• [DATA SEGMENT]
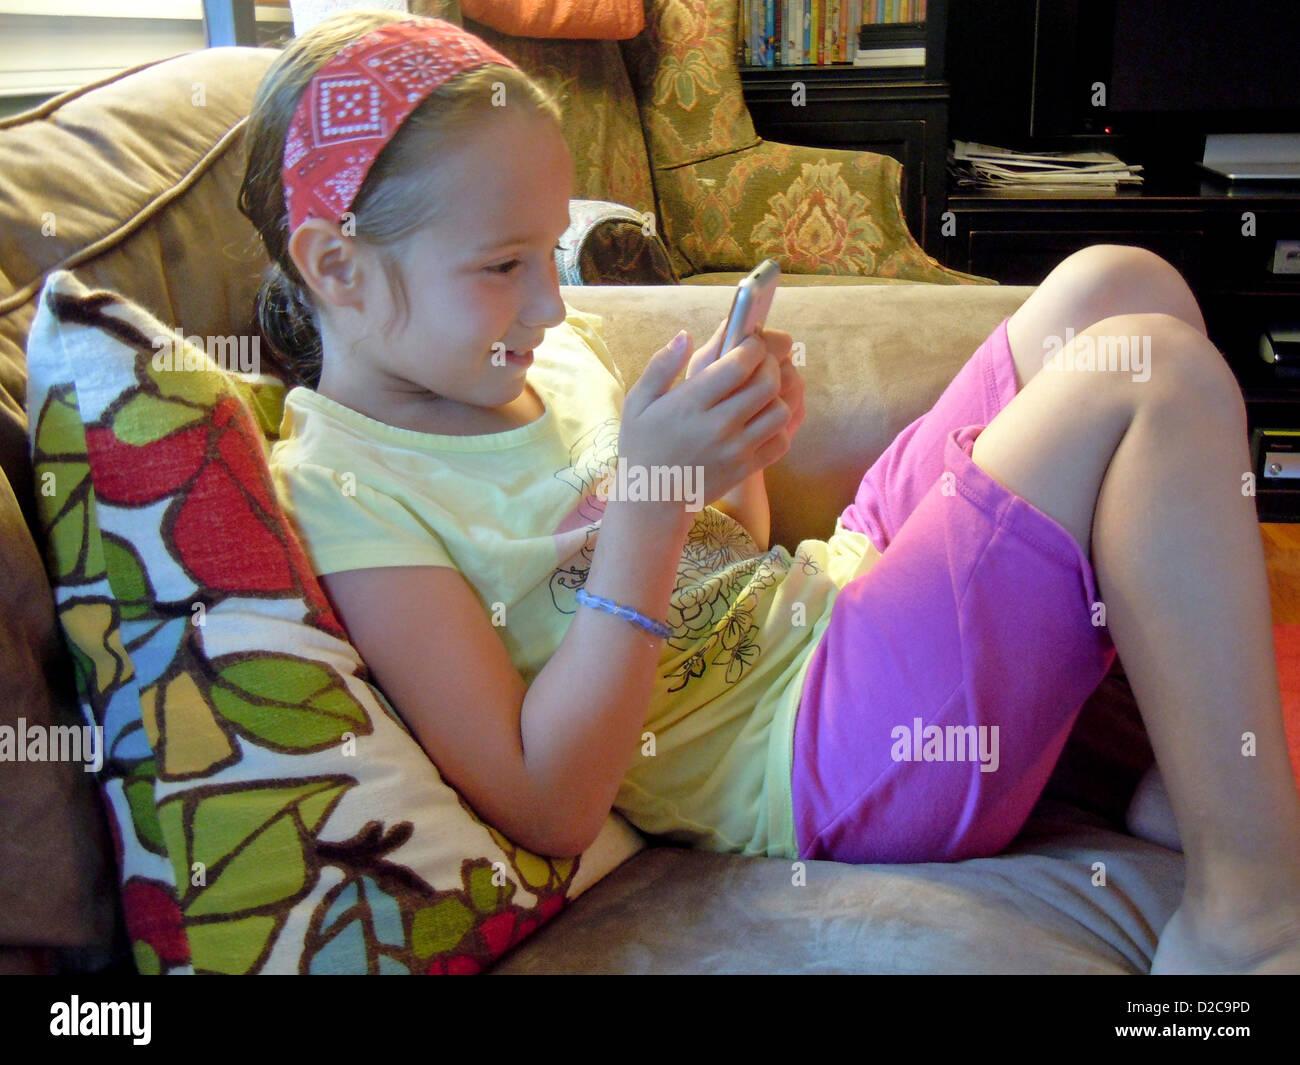 7 Year-Old Girl, Winchester, Massachusetts - Stock Image
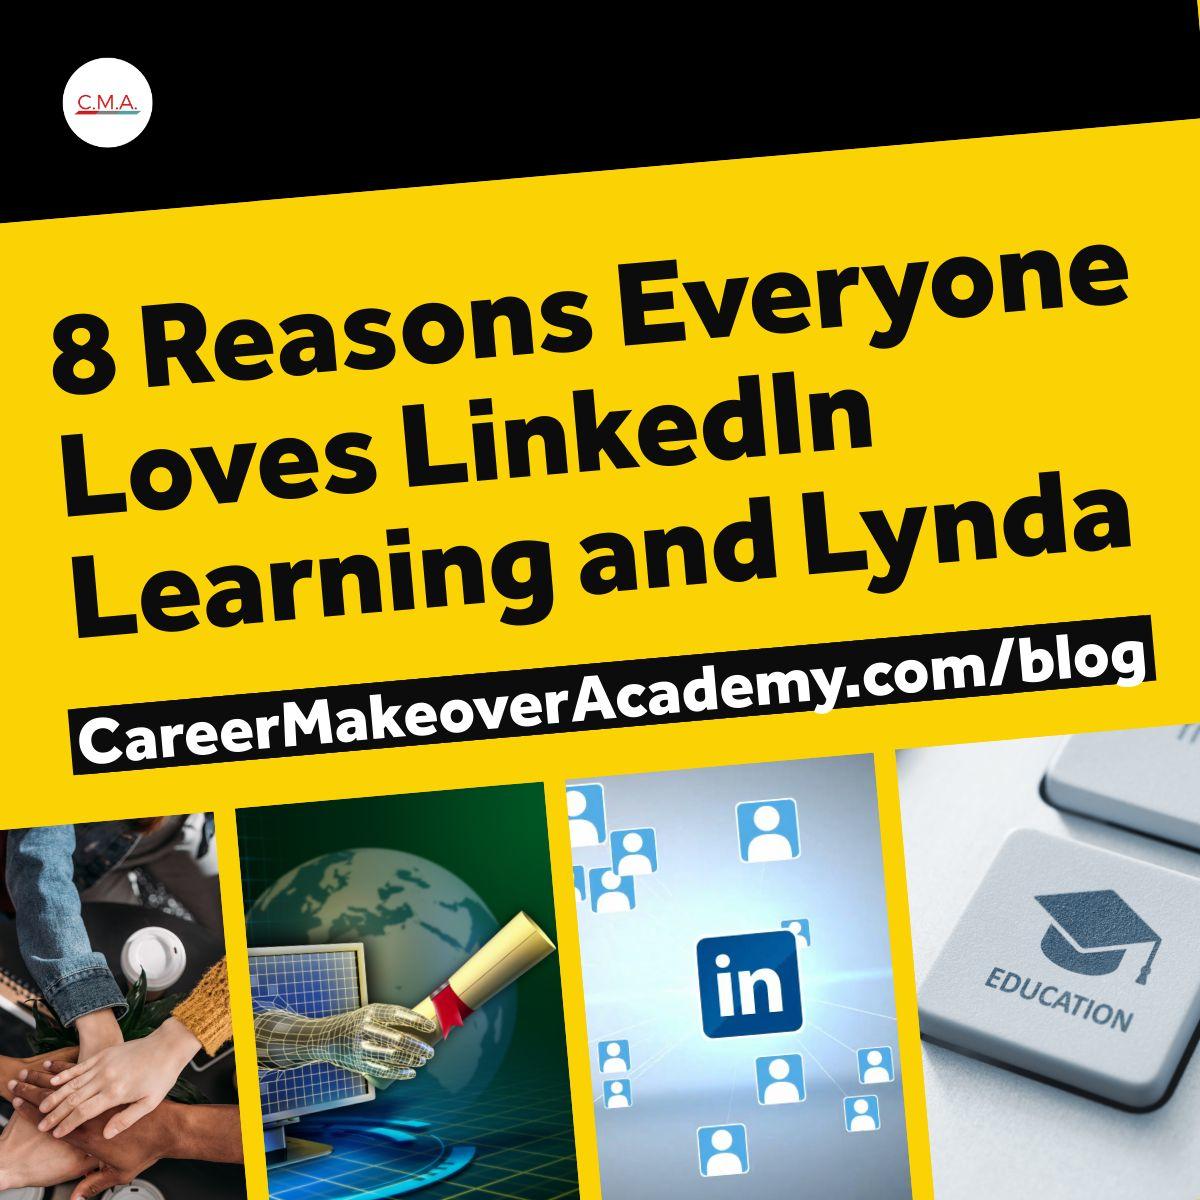 LinkedIn Learning and Linda - Career Makeover Academy
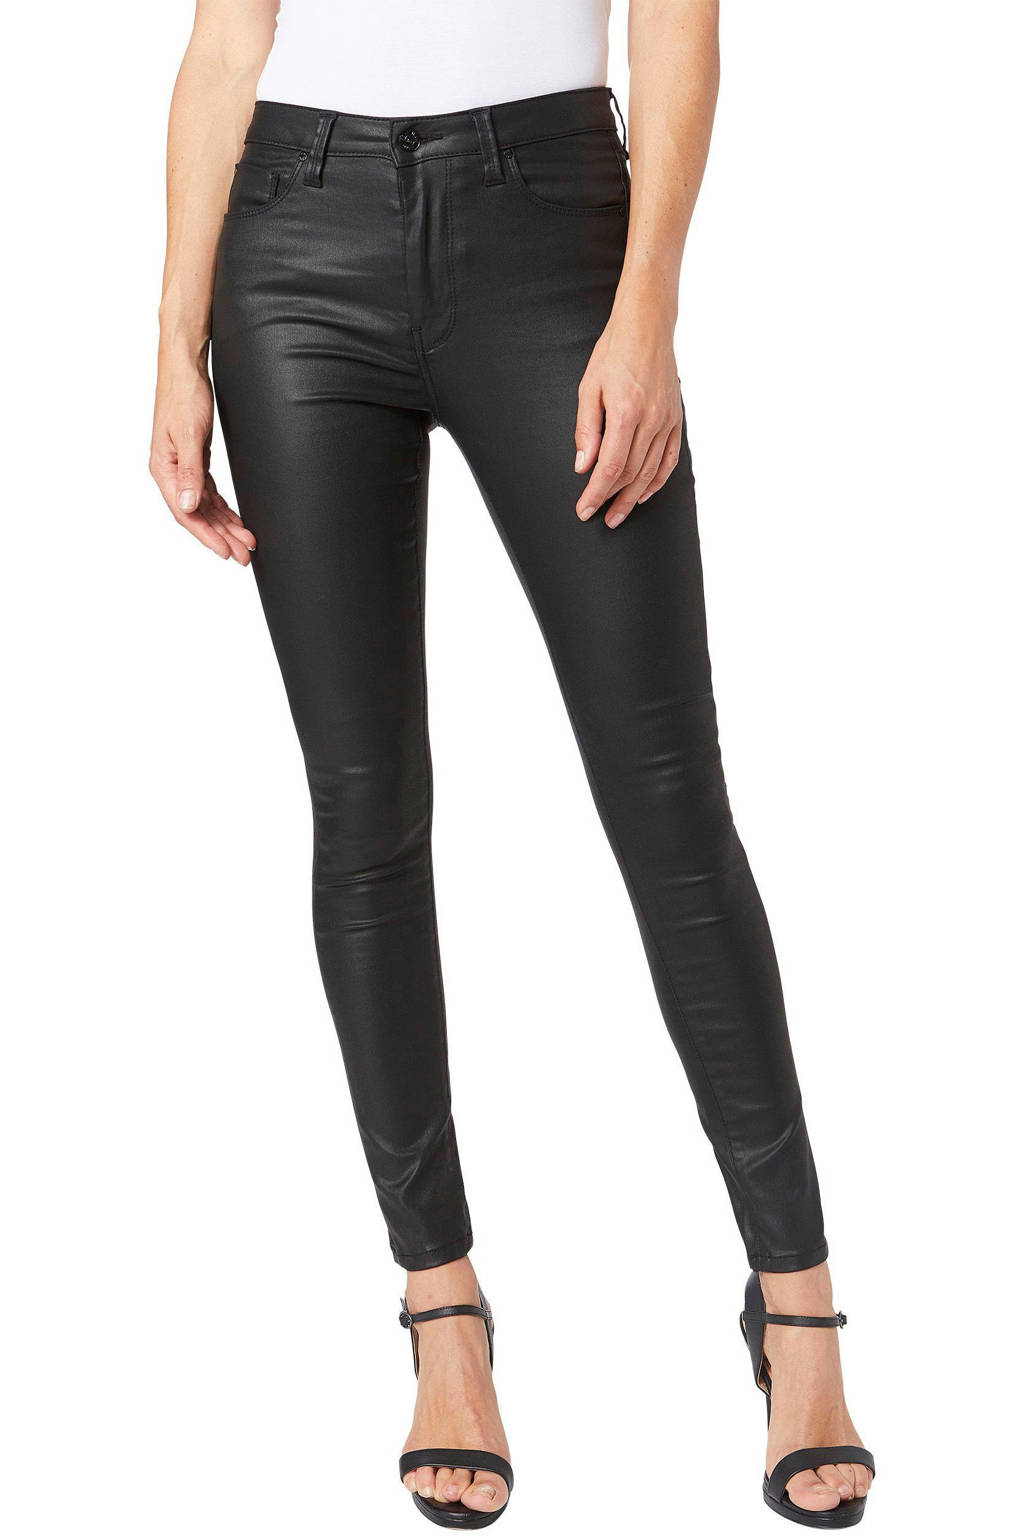 Pepe Jeans coated high waist skinny jeans REGENT denim000, DENIM000

• [PROBLEM DESCRIPTION]
Without the pictures, repeat the listing exactly as it reads.

• [RESPONSE AREA]
 7 Year-Old Girl, Winchester, Massachusetts - Stock Image
 LinkedIn Learning and Linda - Career Makeover Academy
 Pepe Jeans coated high waist skinny jeans REGENT denim000, DENIM000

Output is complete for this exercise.